- Dataset extract -
* * *

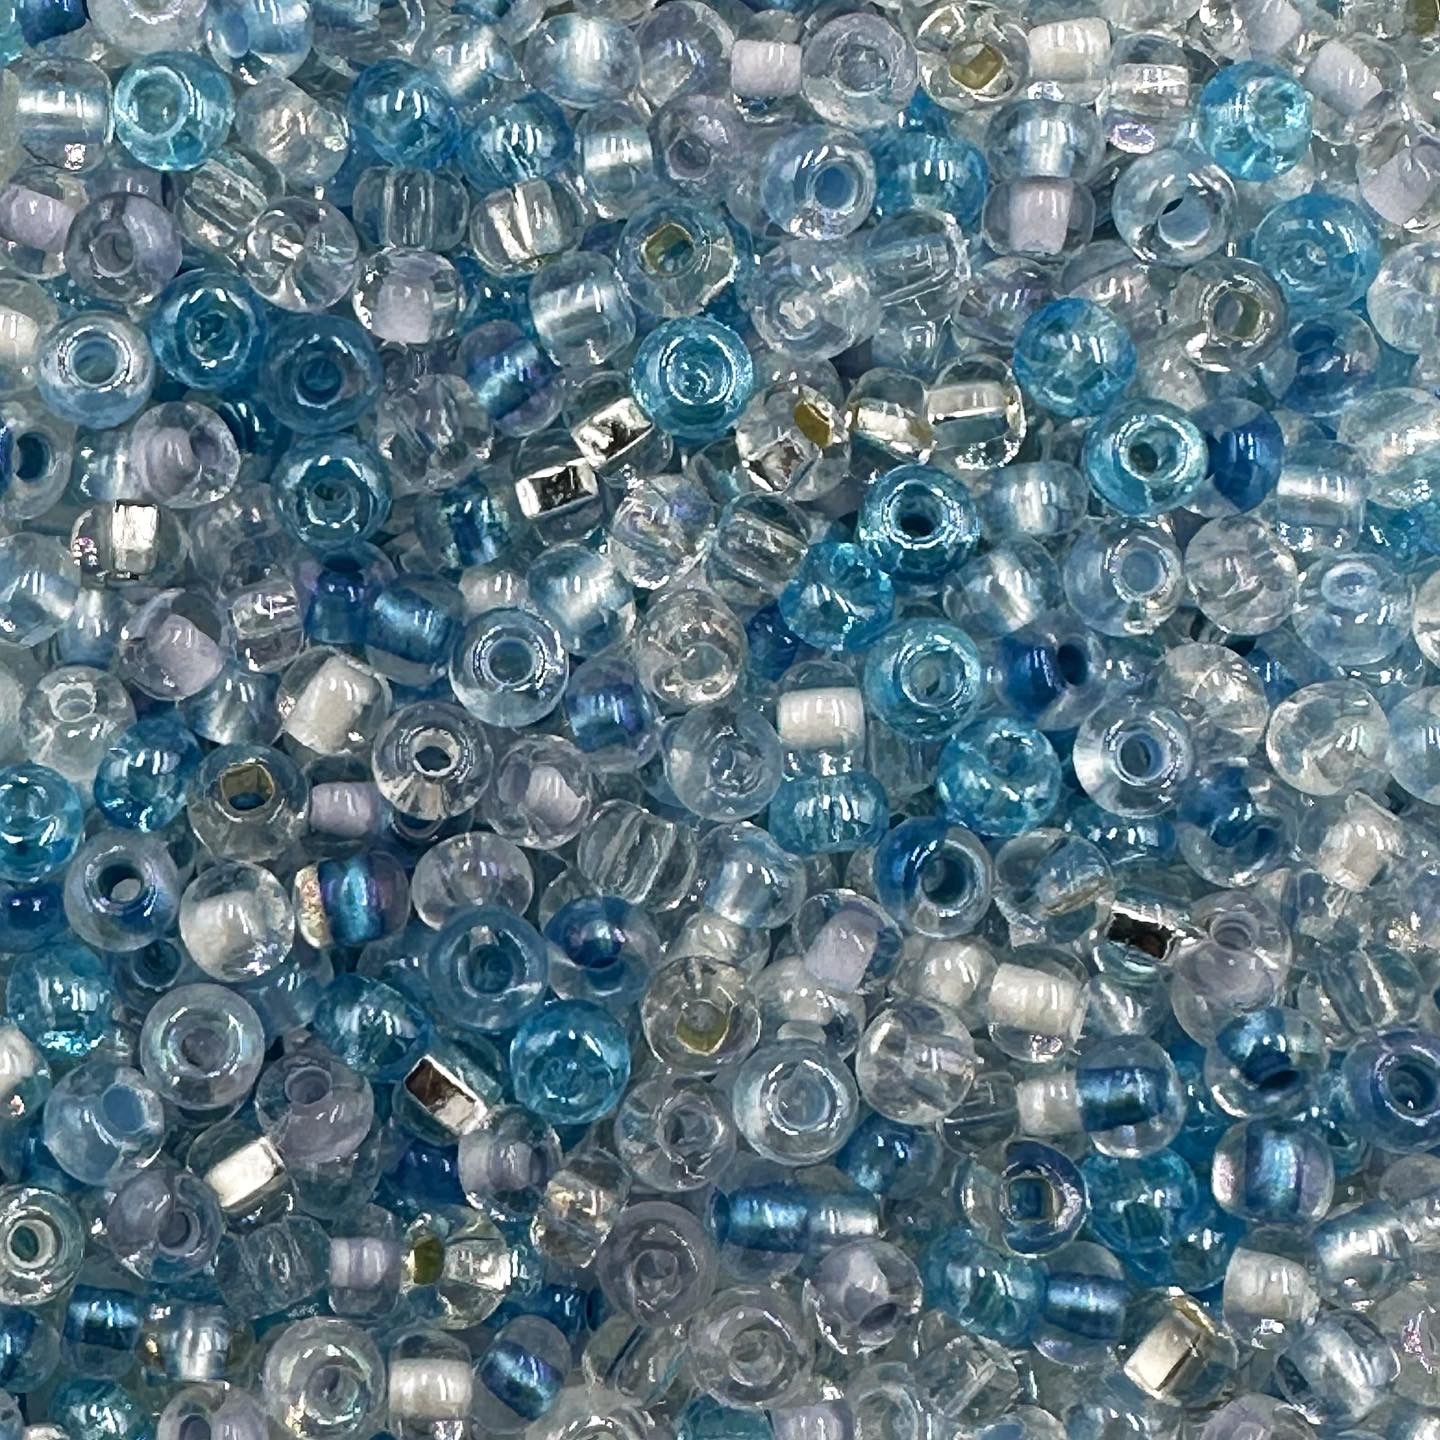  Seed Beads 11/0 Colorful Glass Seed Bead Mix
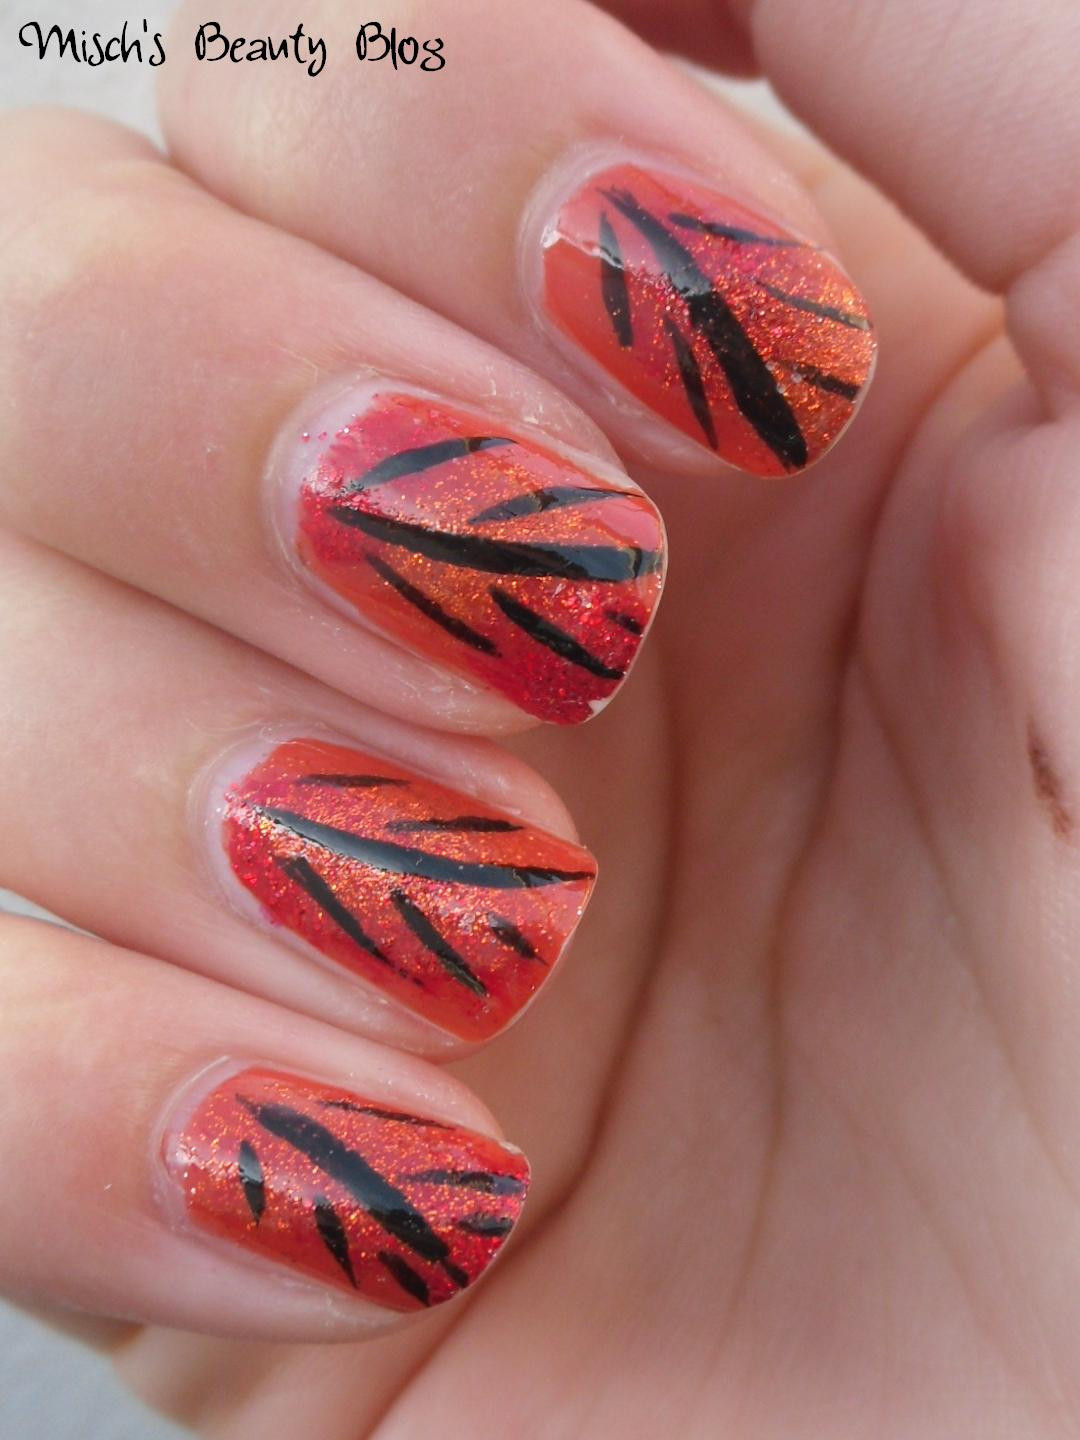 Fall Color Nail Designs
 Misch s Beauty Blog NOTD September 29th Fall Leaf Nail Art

* * *

- Task to complete -
Write out the data word for word. Any picture is to be skipped.

- Worked solution -
  Seed Beads 11/0 Colorful Glass Seed Bead Mix
 Fall Color Nail Designs
 Misch s Beauty Blog NOTD September 29th Fall Leaf Nail Art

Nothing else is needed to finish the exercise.